Work to complete ::
One exact copy of the listing, minus the images, is the required answer.

Start of Material provided

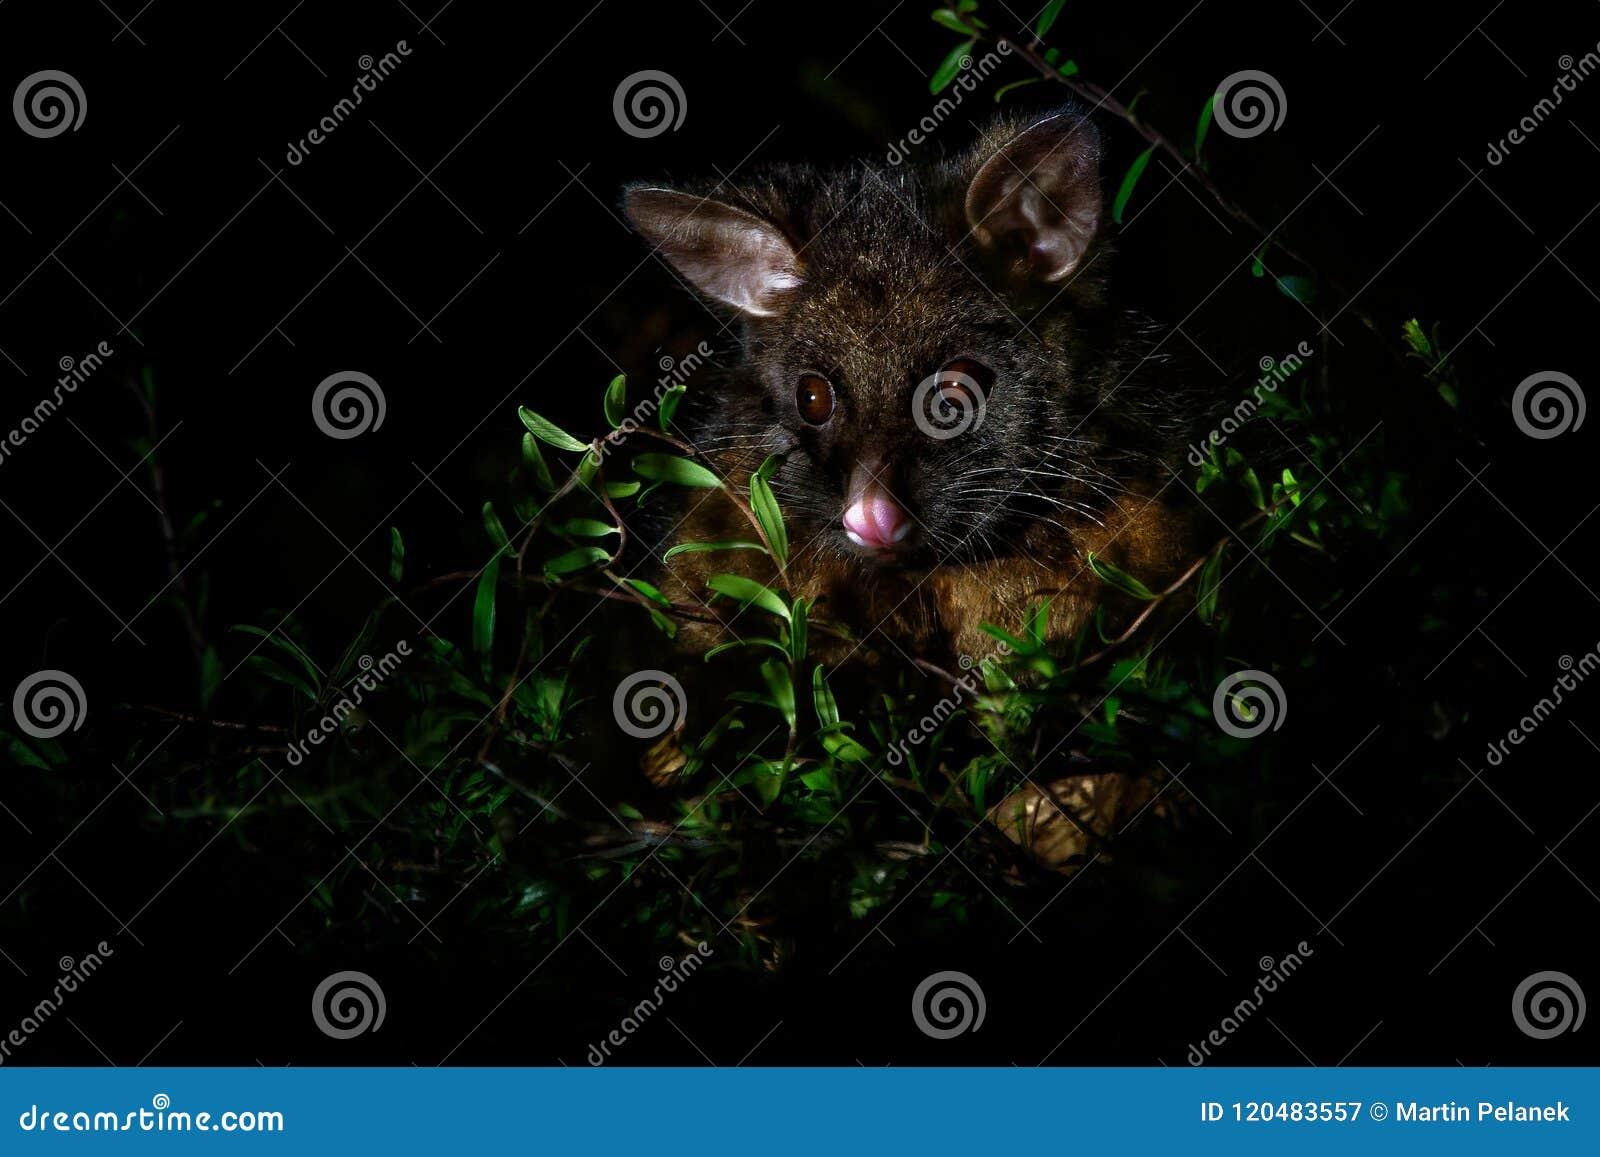 Pospolity Ogoniasty Possum nocturnal, nadrzewny torbacz Australia, przedstawiający Nowa Zelandia - Trichosurus vulpecula -
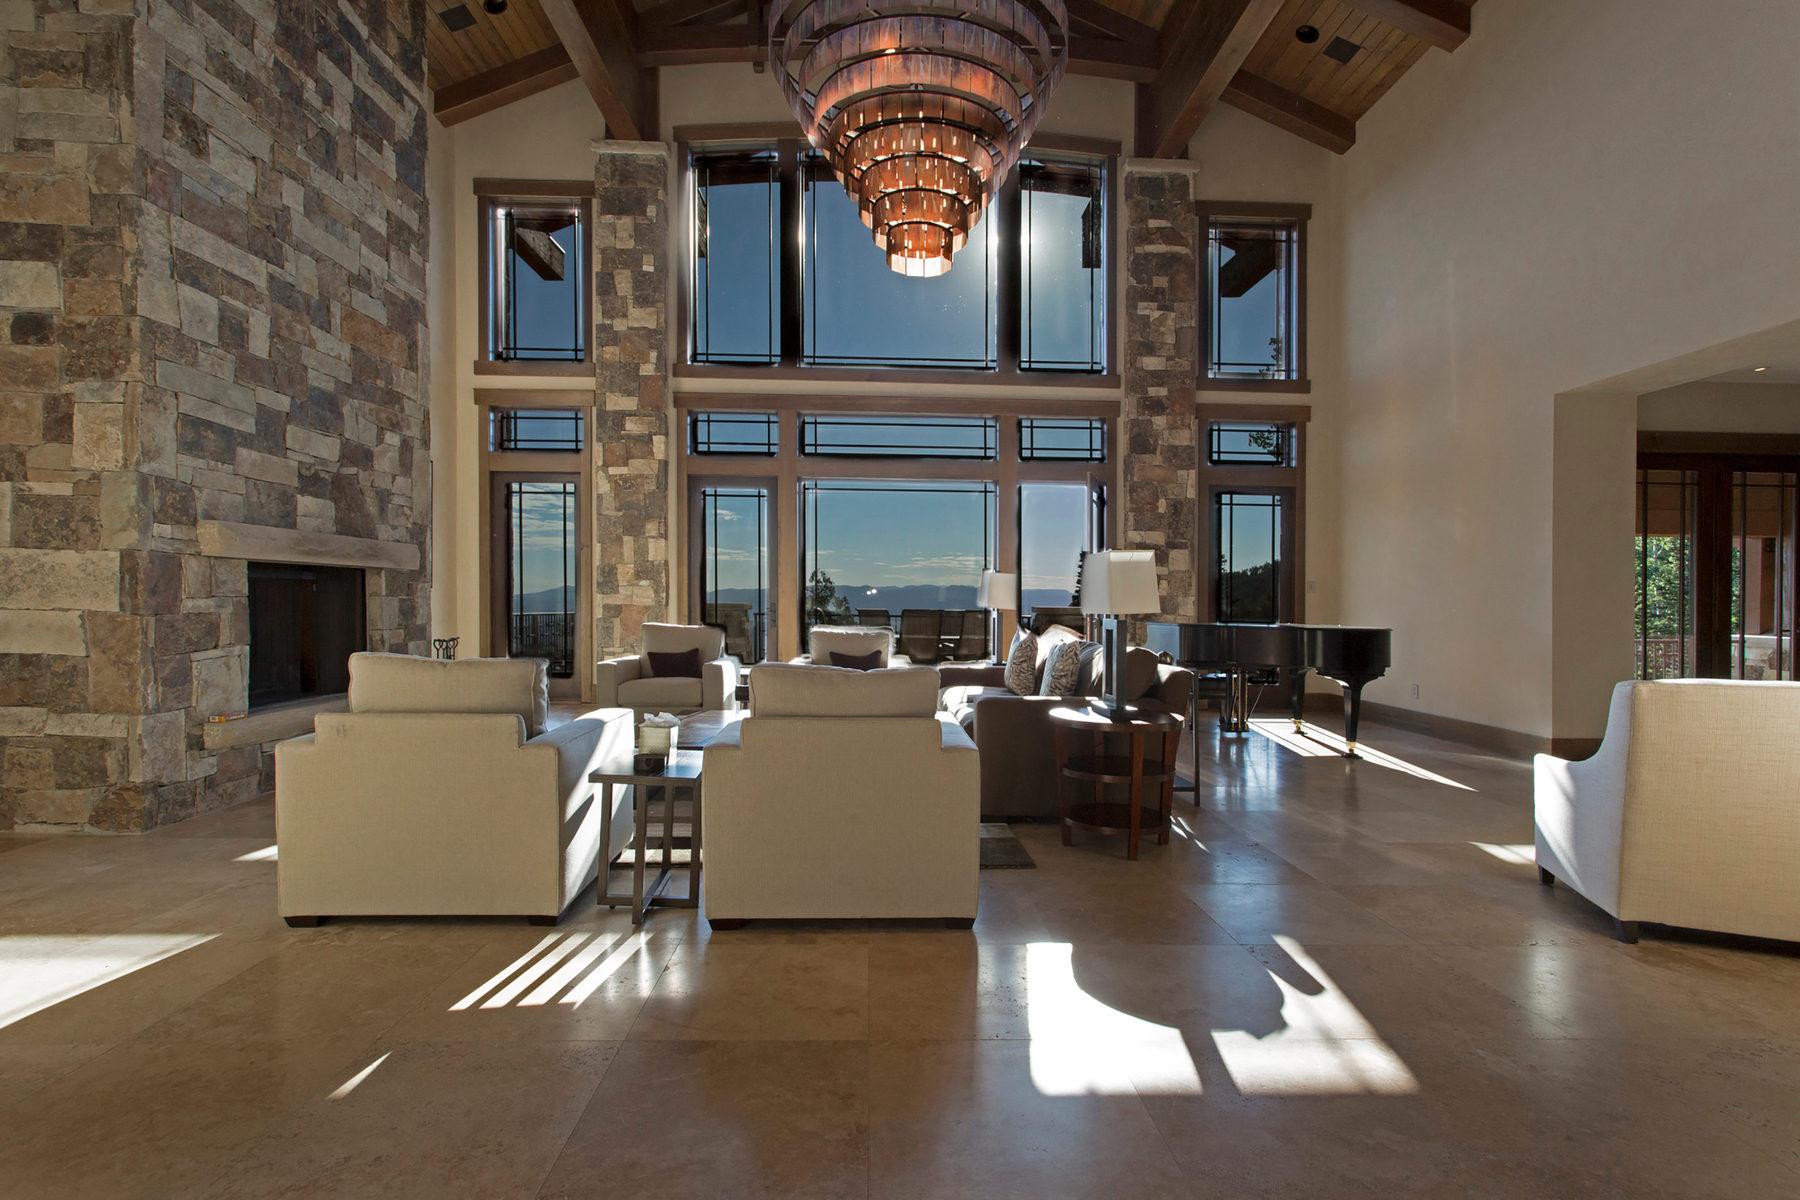 Частный односемейный дом для того Продажа на Untracked Powder at the Top of the World 63 Red Cloud Trl Park City, Юта 84060 Соединенные Штаты
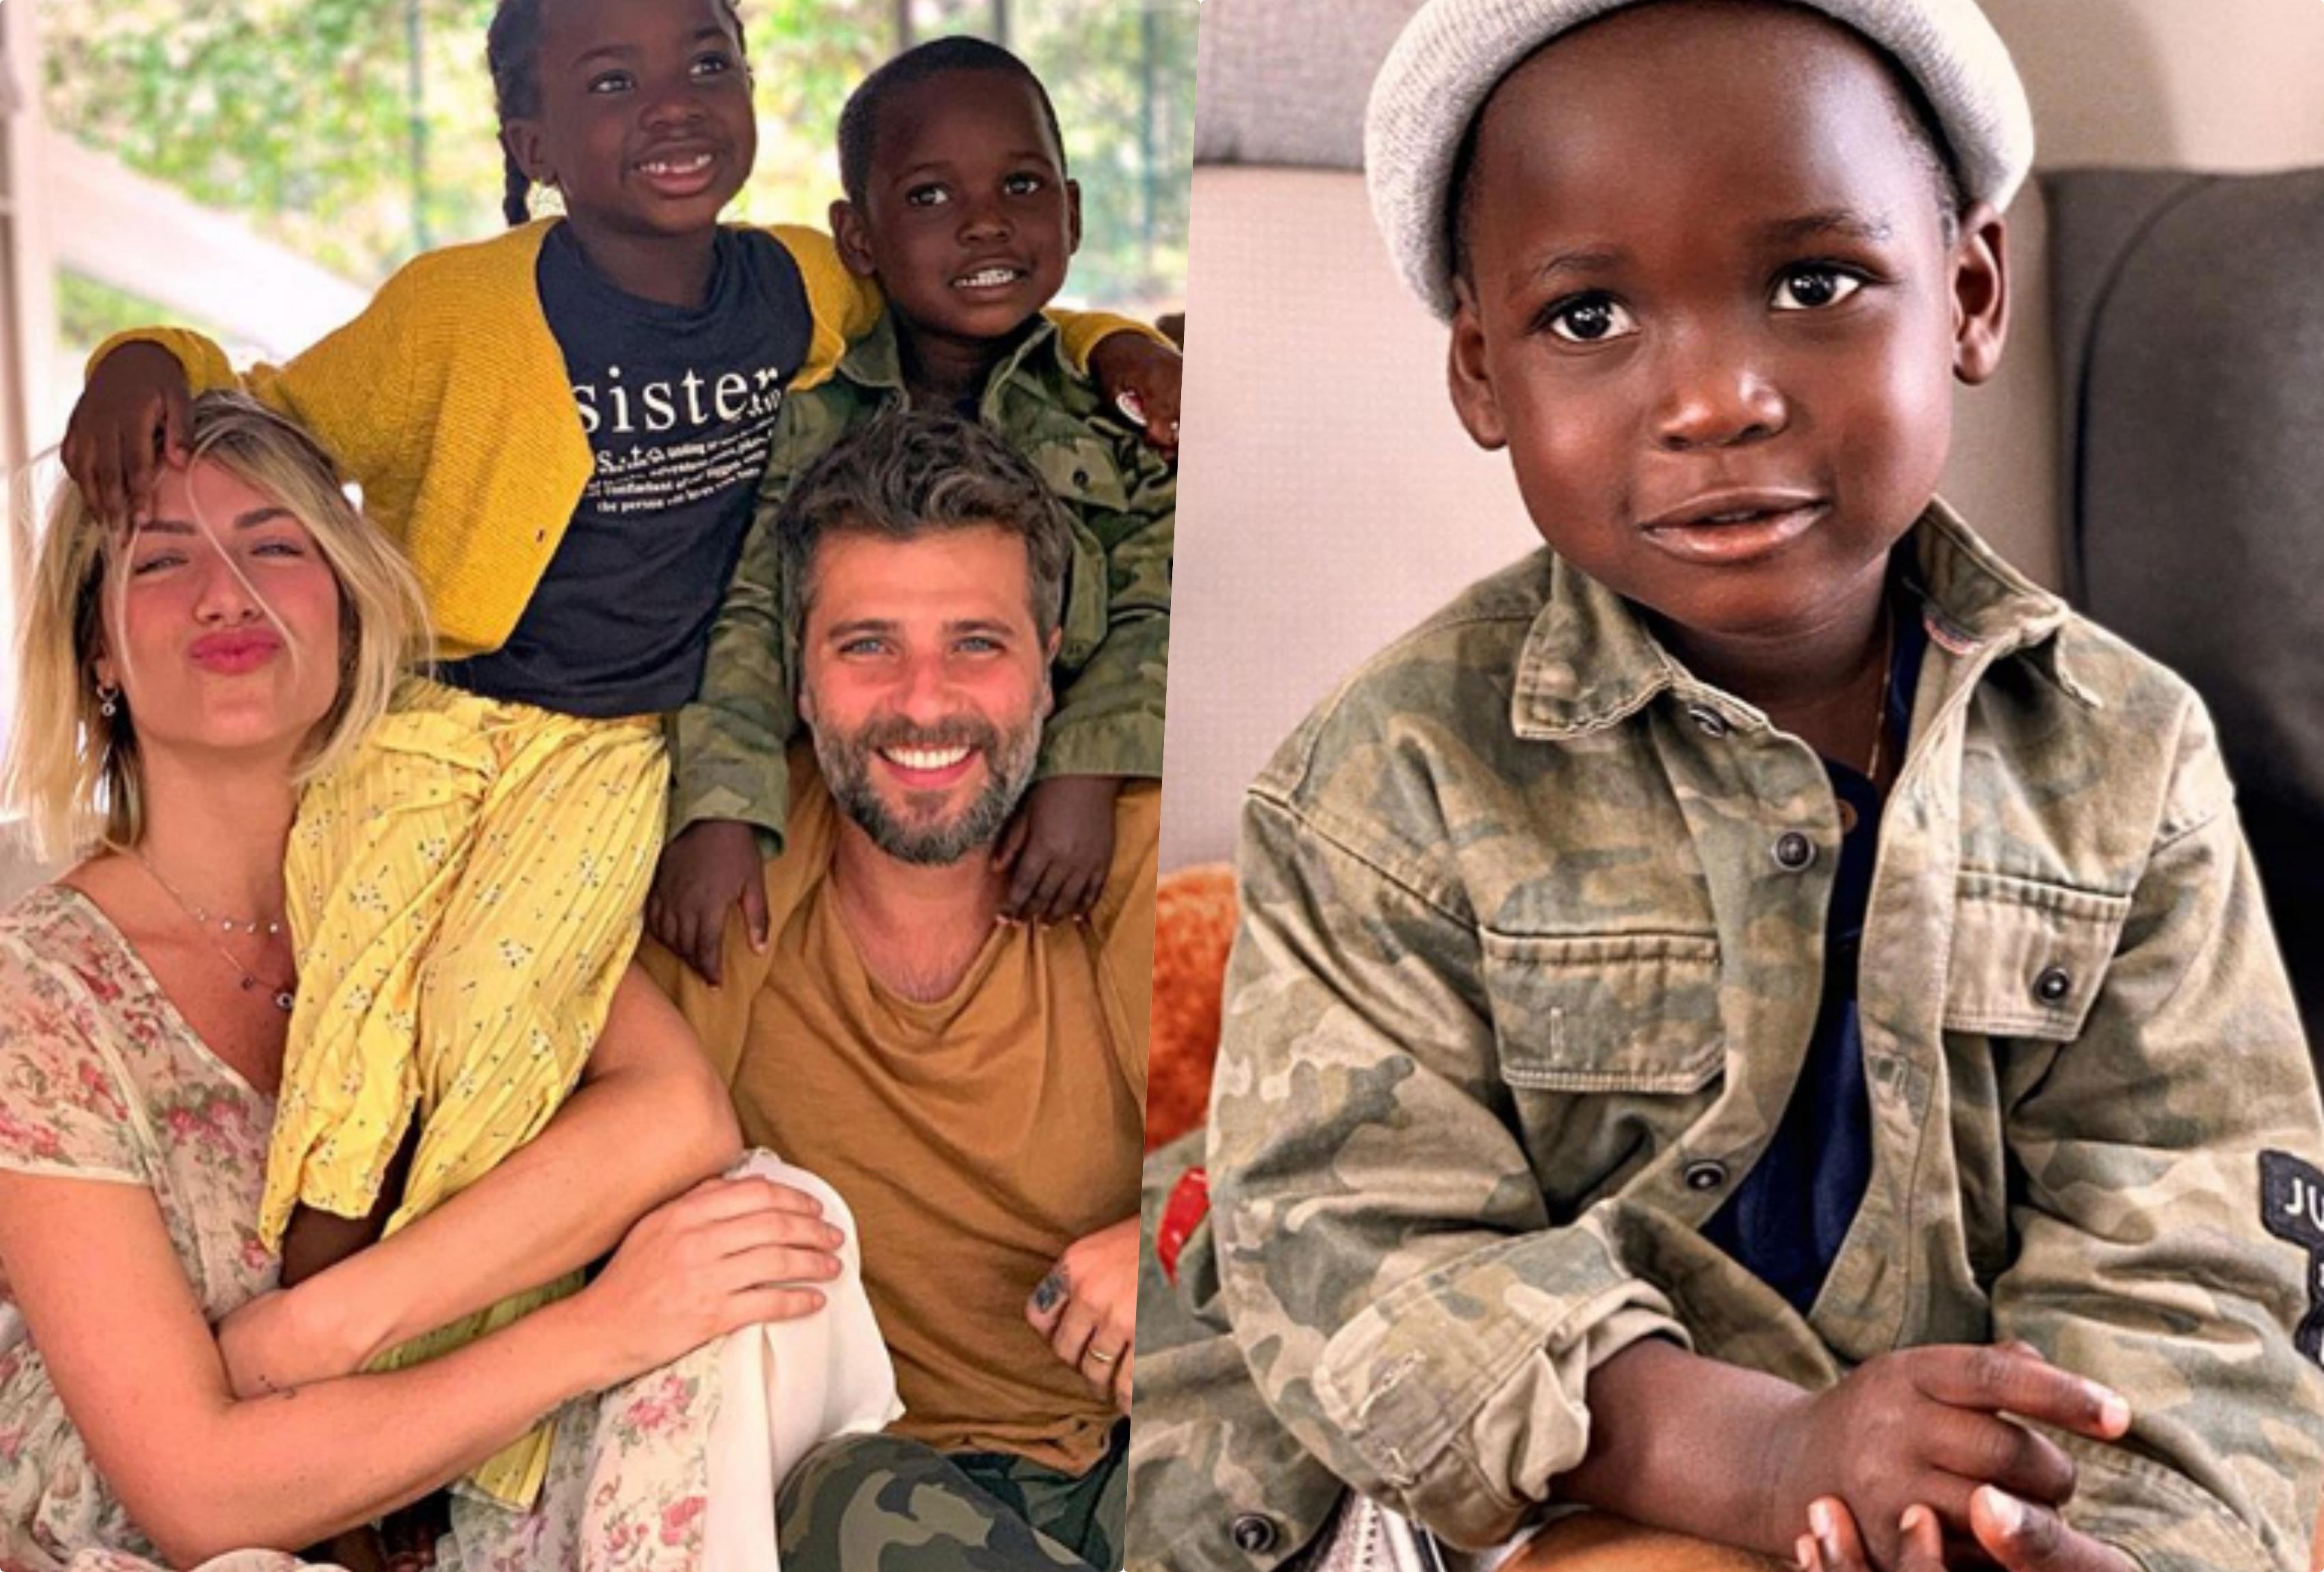 Bruno Gagliasso e Giovanna Ewbank apresentaram o novo filho deles Bless (Foto reprodução Instagram)

End of Material provided

Solution for this problem ::
 Pospolity Ogoniasty Possum nocturnal, nadrzewny torbacz Australia, przedstawiający Nowa Zelandia - Trichosurus vulpecula -
 Частный односемейный дом для того Продажа на Untracked Powder at the Top of the World 63 Red Cloud Trl Park City, Юта 84060 Соединенные Штаты
 Bruno Gagliasso e Giovanna Ewbank apresentaram o novo filho deles Bless (Foto reprodução Instagram)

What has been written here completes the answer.